Probing the Law on Probation: Suggestions for Reform Mohamad Fairuuz bin Saleh v PP  SGHC 264
To any criminal law practitioner, the Court’s power to grant probation as a sentencing option is of significant importance. Probation represents, to their clients, the key out of incarceration.
Section 5 of the Probation of Offenders Act (Cap 252, 1985 Rev Ed) (“POA”) sets out the power of the Singapore Courts to grant probation. Section 5 uses three peculiar terms to create three categories of offences, namely:
1. Sentences which are “fixed by law”;
2. Sentences carrying “specified minimum sentences”; and
3. Sentences carrying “mandatory minimum sentences”.
For the latter two categories of offences, the Court can only grant probation if the offender:
1. is between 16 and 21 of age at the time of conviction; and
2. was not previously convicted of an offence with a mandatory or specified minimum sentence.

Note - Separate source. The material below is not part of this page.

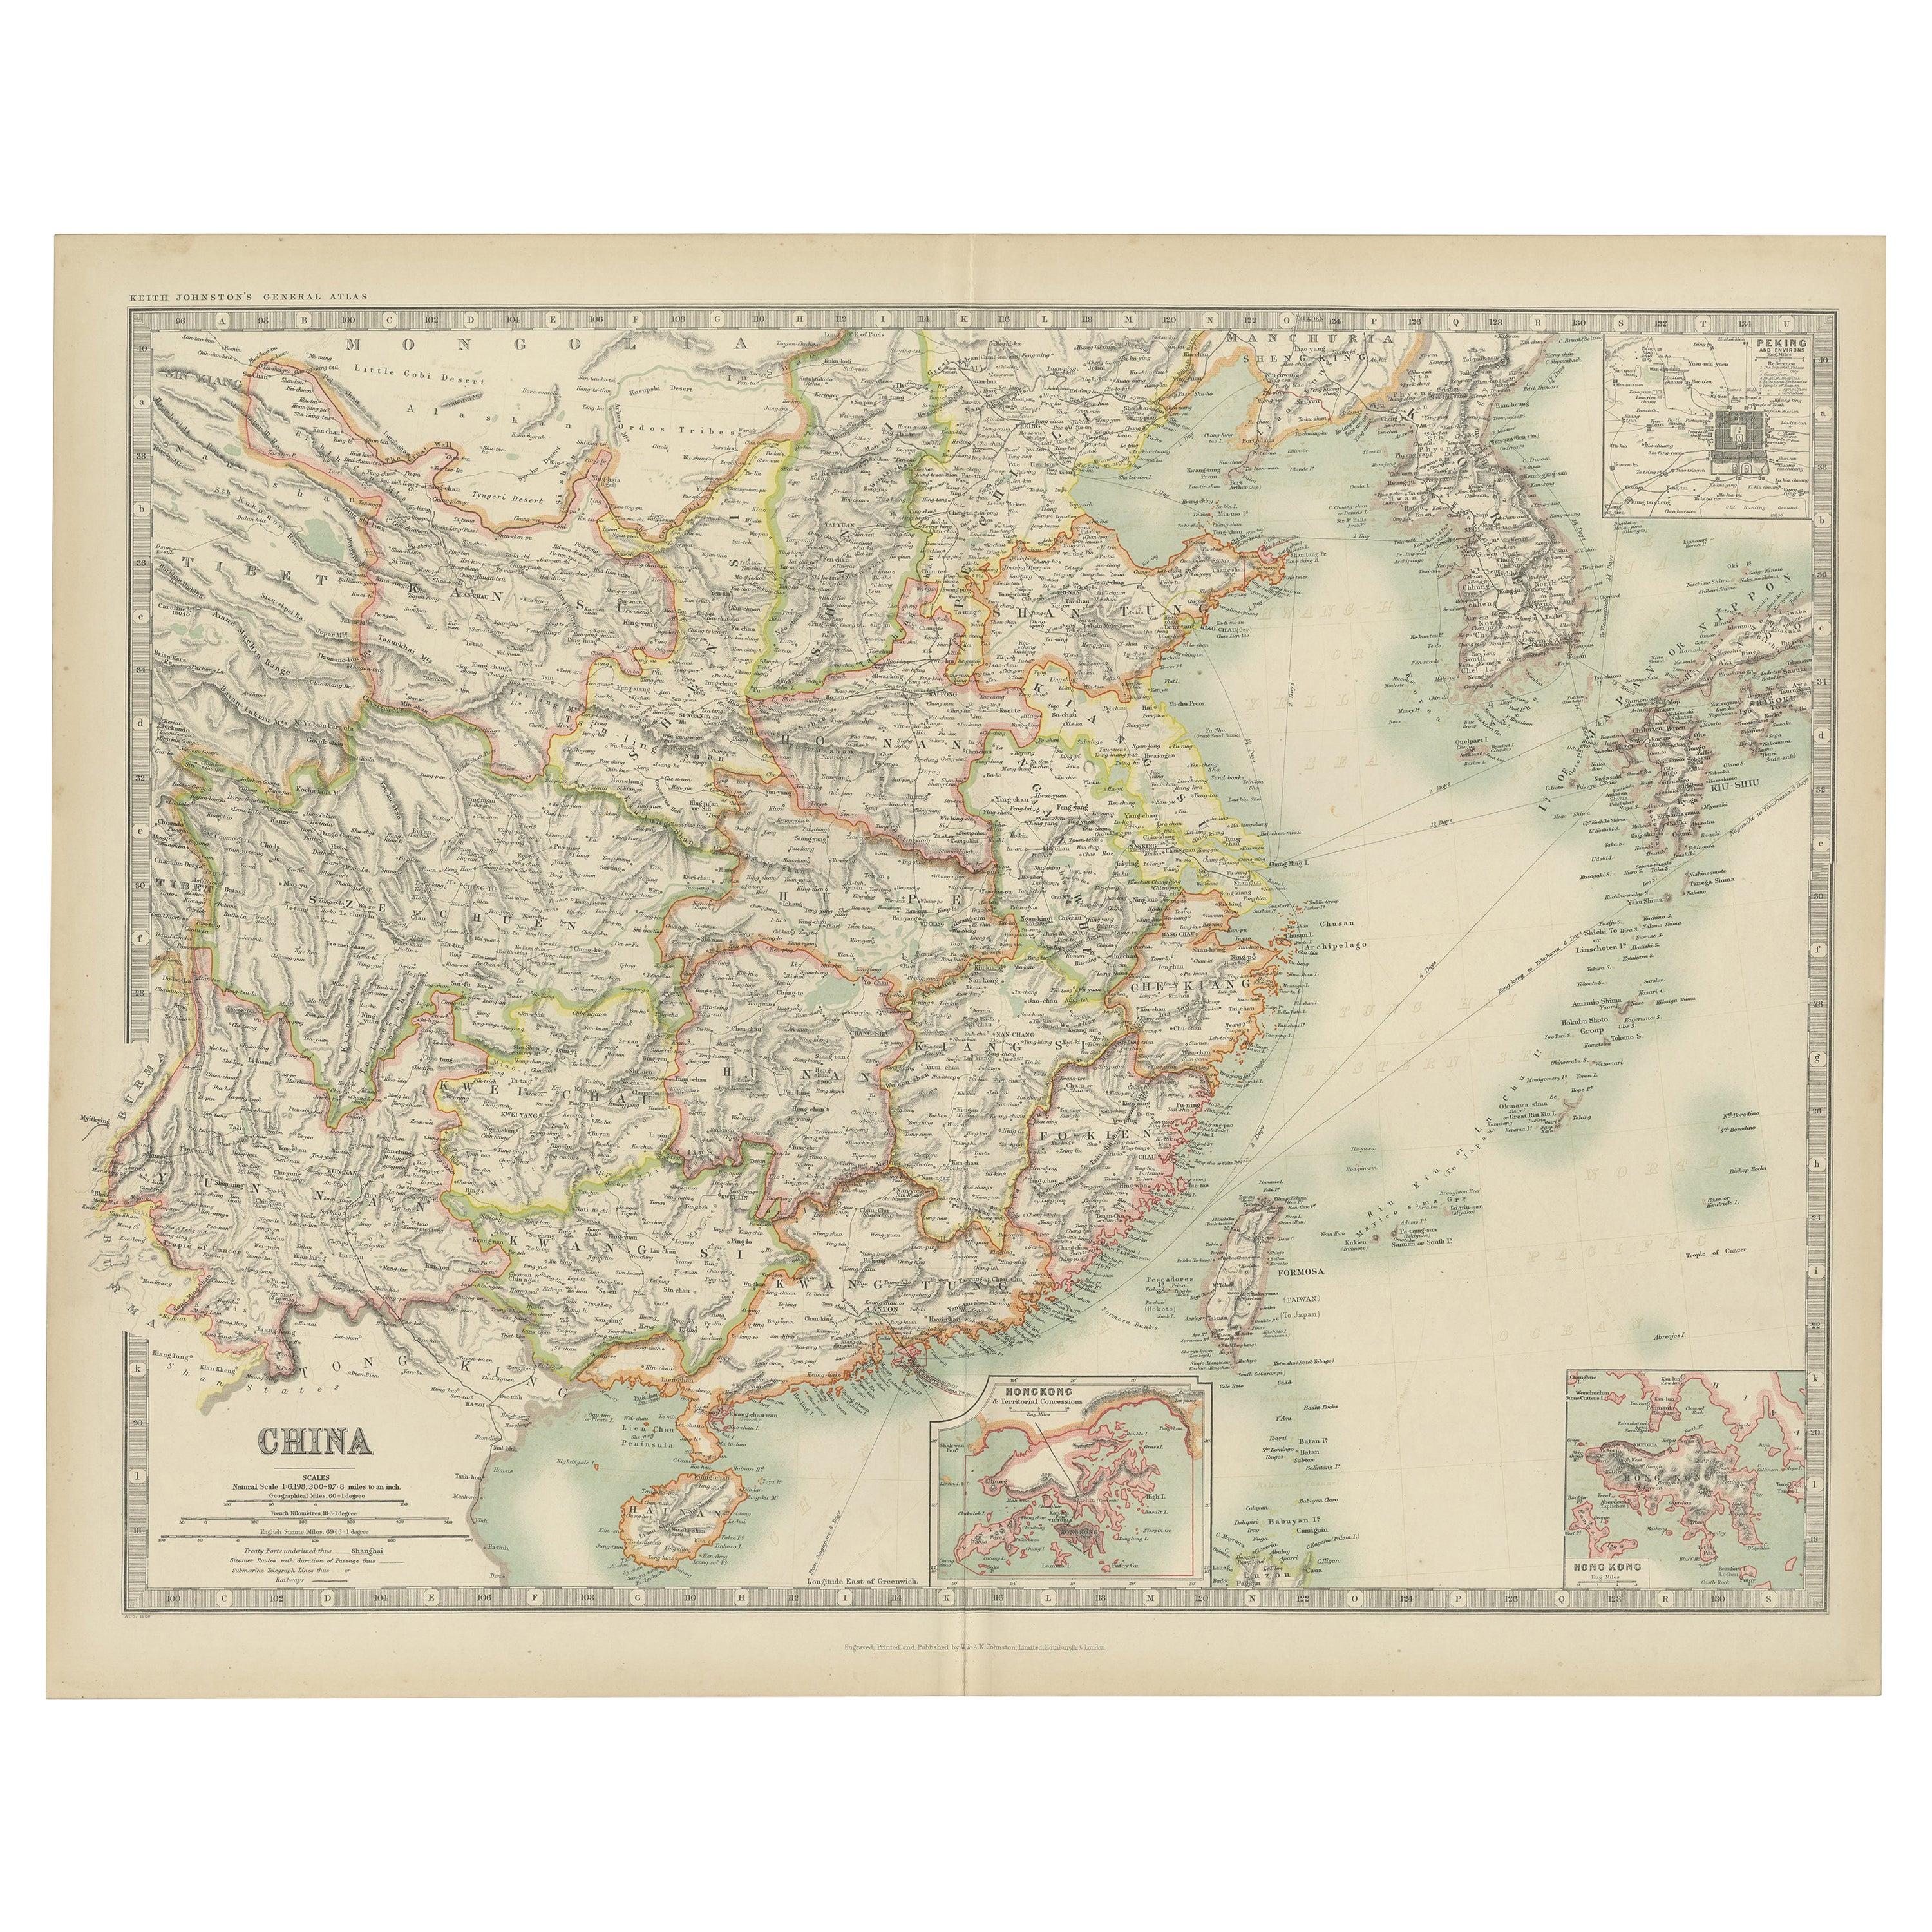 Antique Map of China by Johnston, '1909'

What do those three peculiar terms mean?
Setting the Scene
The learned Tay Yong Kwang J in Lim Li Ling v PP  1 SLR(R) 165 (“Lim Li Ling”) considered those three terms in some detail. Tay J held that:
1. A “mandatory minimum sentence” means a sentence where a minimum quantum for a particular type of sentence is prescribed, and the imposition of that type of sentence is mandatory;
2. A “specified minimum sentence” means a sentence where a minimum quantum for a particular type of sentence is prescribed, but the imposition of that type of sentence is not mandatory; and
3. A sentence “fixed by law” is one where the Court has no discretion as to the type of sentence (which is mandatory) and the quantum of the prescribed punishment, and also includes “mandatory minimum sentences” and “specified minimum sentences”.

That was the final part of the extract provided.